Some use maps to analyze history, others use them to track weather, while still others are intently watching swing states flicker between red and blue. But, researchers that collaborate with the Center for Earth Observation at Yale use maps for some unusual scientific purposes.

“We study the earth from space,” said Larry Bonneau at the Center for Earth Observation. “We use satellite images to study changes in the landscape and environment.”

Studying satellite imagery of these changes allows scientists to research everything from agricultural systems to diseases transmitted by insects.

Durland Fish, professor of epidemiology at the School of Medicine, said he focuses on using satellite images to analyze and map human risk for insect-borne diseases, specifically Lyme disease. He uses satellite imagery to locate forests where deer that support the potentially infectious ticks live and also analyzes temperature and moisture levels to determine if the ticks can survive in a particular environment.

Ted Holford GRD ’72, who has also worked with data from the Center for Earth Observation, said that in projects in which researchers study vector-bone diseases, satellite mapping is highly useful.

“We try to identify variables that would be available from these other sources, like satellite imagery, and develop models that describe how these things are related to habitats that are friendly to the vectors,” Holford said.

He said the effects of neighboring regions on each other presents a biostatistical dilemma.
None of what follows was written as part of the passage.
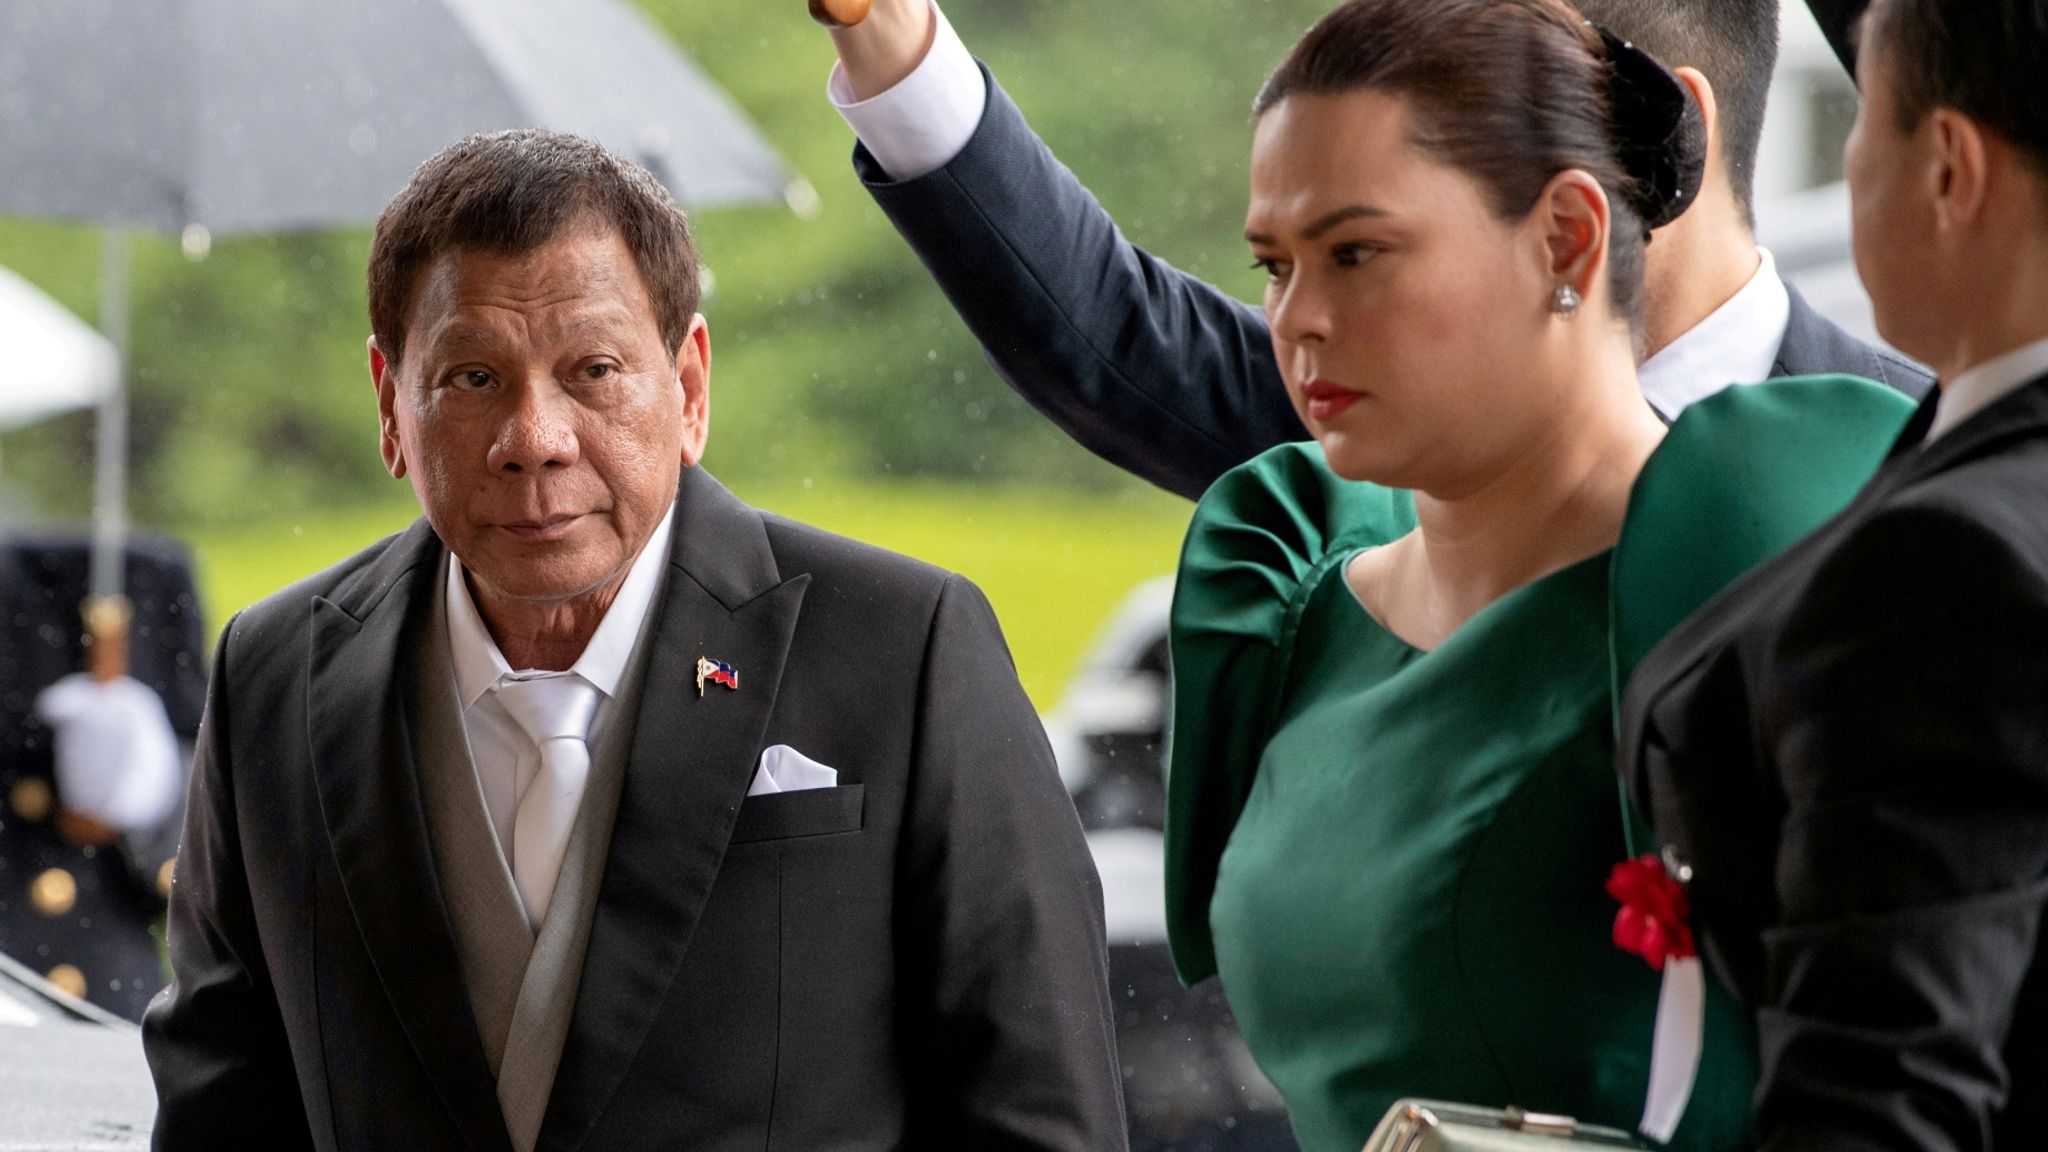 Sara Duterte-Carpio: Daughter of Philippines leader runs for vice president  - and could compete against her father | World News | Sky News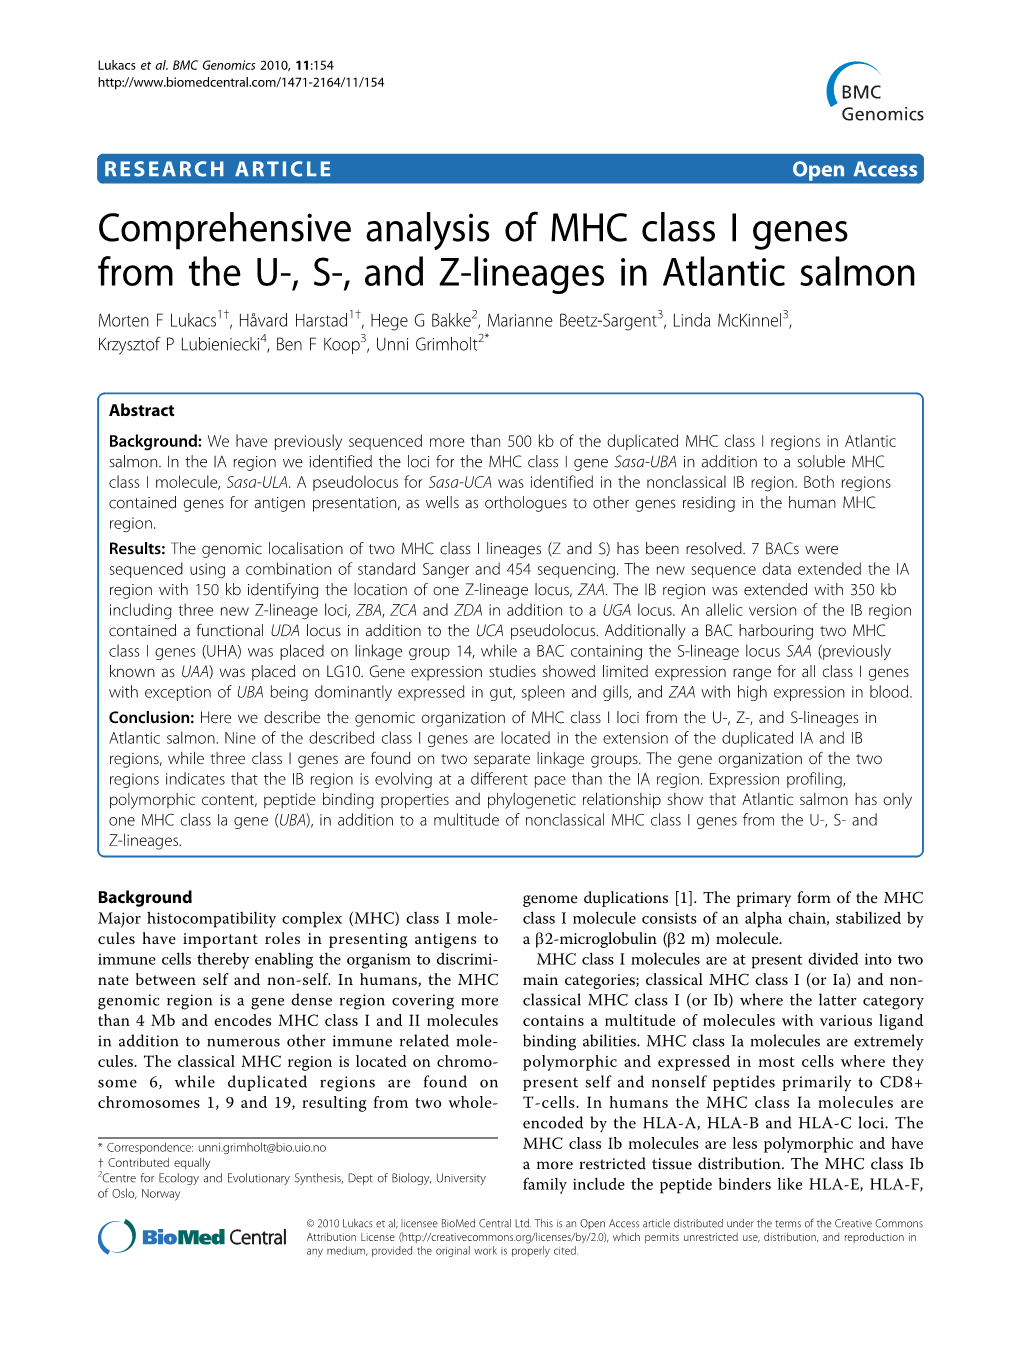 Comprehensive Analysis of MHC Class I Genes from the U-, S-, and Z

Some areas can have an impact on data gathered from their surroundings, which raises questions of correlation and independence, he said.

The goal of the research is to present high risk populations with preventative measures, Fish said. He said the research’s purpose is to determine risk levels for different areas and convey this information to both local authorities and individuals.

The West Nile virus, researched at the center by Maria Diuk-Wasser, is studied in a similar fashion. She is building a West Nile virus risk map for the state of Connecticut, analyzing the landscape and weather patterns to determine the location of potentially infectious mosquitoes. Diuk-Wasser’s research includes correlating satellite image features to different mosquito population densities.

But diseases carried by insects are only one topic of research at the center. Frank Hole studies land use in Asia. He said the project focused on land use, the percentage of land covered with vegetation and types of land cover. Hole said he is specifically examining how land use has changed over the past 50 years and how these changes might reflect the effects of population, government policies, economic factors, ethnic mix, and the introduction of technology.

Hole said one of the challenges of using satellite data is that researchers cannot rely purely on the images but must visit and study the locations.

“We have to establish ground truth, so we understand what we are seeing in the imagery,” Hole said.

According to Diuk-Wasser, another two aspects that cannot be overlooked when using satellite data are temporal resolution — how frequently the images are taken — and spatial resolution — the images’ level of detail. She said another issue is availability — researchers need to get “the right images at the right time at the right place.”

Despite the setbacks, researchers said they were optimistic about the new breed of research.

“[Satellite imaging] is a remarkable resource, and it has developed over the last 10 years,” Hole said.

The Center for Earth Observation is available to train students and provide data for student research. According to Bonneau, a course titled “Observing the Earth From Space” is available to train students in remote sensing and utilization of the center and its unusual use of maps.